Mes yeux fermés, la musique m’envahit.


Une batterie. Une ligne de basse.


Un rythme. Une hypnose surgit.


Des paroles susurrées ou meuglées viennent chuter sur mes tympans.


Michael Gira, maître à bord du projet Swans, vient après plus de 30 ans de carrière pondre un nouveau chef-d’œuvre : To Be Kind.


La musique torturée du groupe vient chercher l’auditeur dans ses retranchements, d’une lumineuse croyance dans l’éternel et le divin jusqu’aux abîmes de nos plus sombres secrets intérieurs. Leur musique n’aura jamais été aussi représentative de cette dichotomie du bien et du mal en chaque Homme. Le positif ne peut exister sans son négatif, comme le yin et le yang que l’on retrouve dans la structure même du morceau majeur de l’album : Bring the Sun / Toussaint l’ouverture .


L’expérience Swans se veut être celle d’une hypnose, elle trouve son point d’acmé avec deux types de morceaux qui se rejoignent et s’accordent au sein du projet.
Ceux énergiques (Screenshot, Oxygen, ...) et ceux lancinant (Just a Little Boy (For Chester Burnett), Kirsten Supine, …) qui ne s’opposent donc pas puisque le but est le même : celui d’une transe par la musique. Les rythmiques répétitives caractéristiques du groupe où viennent s’accumuler différents sons à la mélodie apportent cette montée en puissance jouissive.


En un morceau, tout est déjà dit.


Screenshot annonce un album puissant, virtuose, gracieux et brutale dans son entrée. La rythmique de la basse ou s’ajoute la batterie puis la voix, prend au fil des huit minutes l’ampleur d’un colosse qui écrase l’auditeur pour nous laisser pantois. Dans son énergie éreintante, Gira s’écrit "HERE ! NOW !" (hic et nunc) en boucle . Comme pour nous dire d’en profiter tant qu’il est temps.


Chaque morceau fait cet effet de démesure autant qu’une approche presque tribale dans sa façon d’aborder les sons qui font mouvoir de façon incontrôlable notre corps. Le cerveau nous lâche et les émotions prennent le dessus sur le reste.

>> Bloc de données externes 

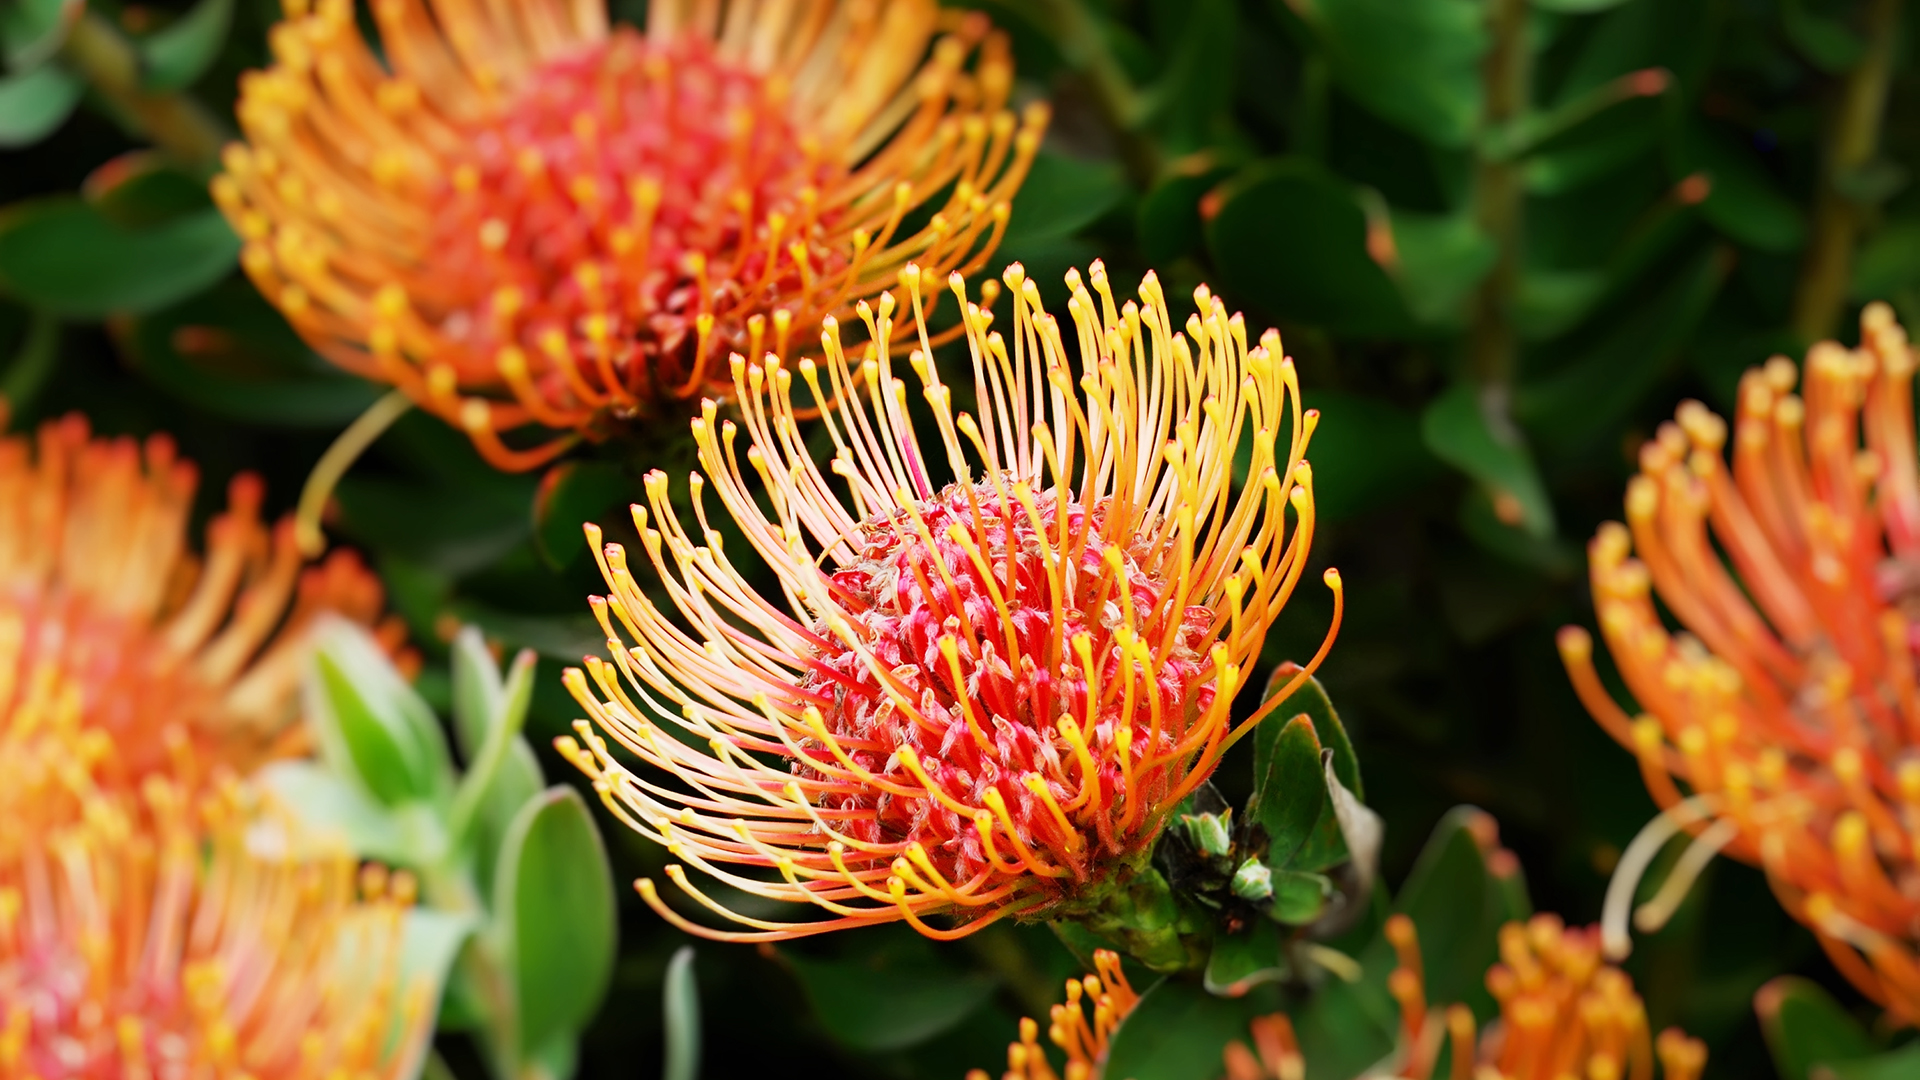 Several African Proteas in bloom.

La musique nous emportent alors pendant plus de deux heures intenses où nous passeront par une palette d’émotions.


En nous faisant revenir à notre enfance (la pochette + le titre "Kind" signifie "enfant" en allemand), le groupe ramène l’auditeur à son statut d’Homme autant dans sa simplicité terre à terre (résumé par les paroles de Some Things We Do et Screenshot) qu’a sa complexité intérieur. D’une recherche d’un absolue religieux, mystique, divin ou simplement quelque chose en quoi croire pour vivre malgré le Mal qui se propage en nous de jour en jour.


Le message est clair : il faut vivre. Vivre pleinement.

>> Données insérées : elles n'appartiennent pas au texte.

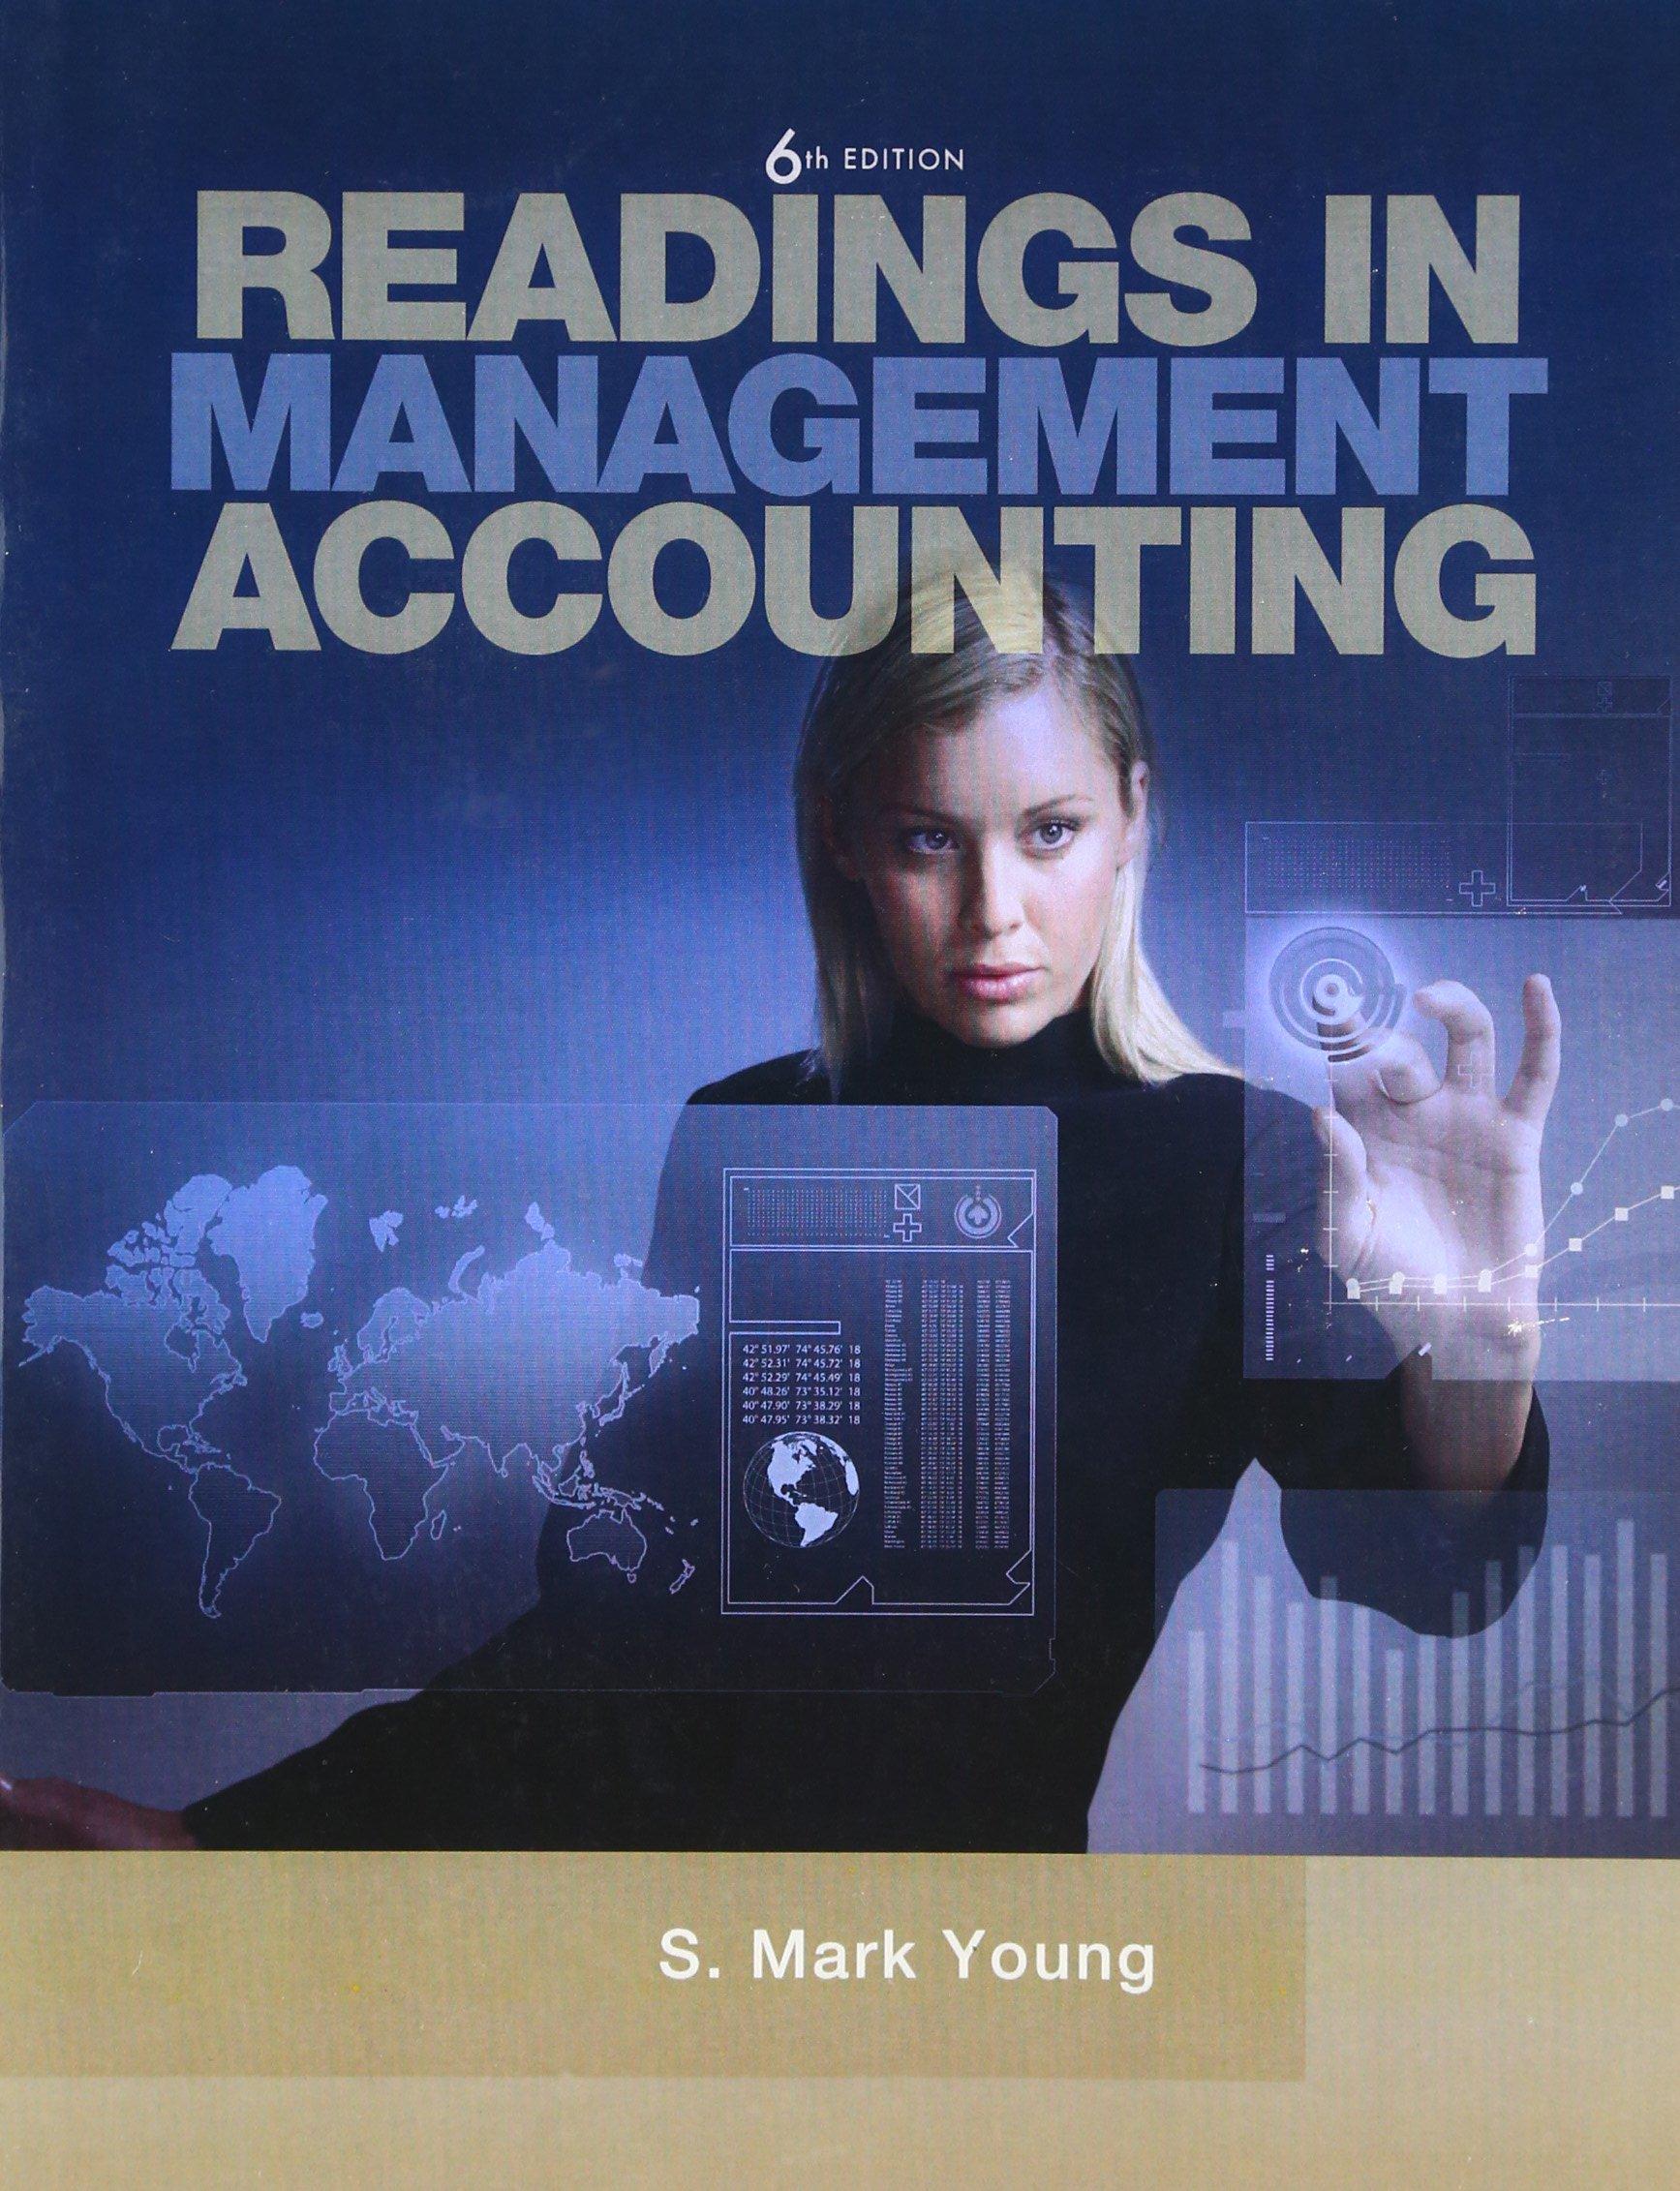 readings in management accounting 6th edition s. mark young 0137025033, 978-0137025039

C’est ce que dis l’épuisant et étourdissant Oxygen en mettant en avant notre propre respiration, banalité effarante qui devient sensitive par la frénésie du morceau jusqu'à nous faire perdre pied.


Il faut en cela traverser notre passé (l’enfance) pour pouvoir comprendre notre présent (ce qui nous constitue) et passer par la future étape de la mort et de l’après. Pour cela, il faut croire en quelque chose : la Musique.


Nathalie Neal, hommage vibrant et destructeur à une amie décédée de Gira rappelle et émouvoit par son refrain : « Live forever in this song ». Car la musique est plus forte que la mort. Gira a réussi, il n’a pas seulement conçu une œuvre d’art vertigineuse qui exploite le potentiel de la musique comme un outil de sensation unique et transcendantale mais il est arrivé à former un testament qu’il lui survivra bien après sa mort.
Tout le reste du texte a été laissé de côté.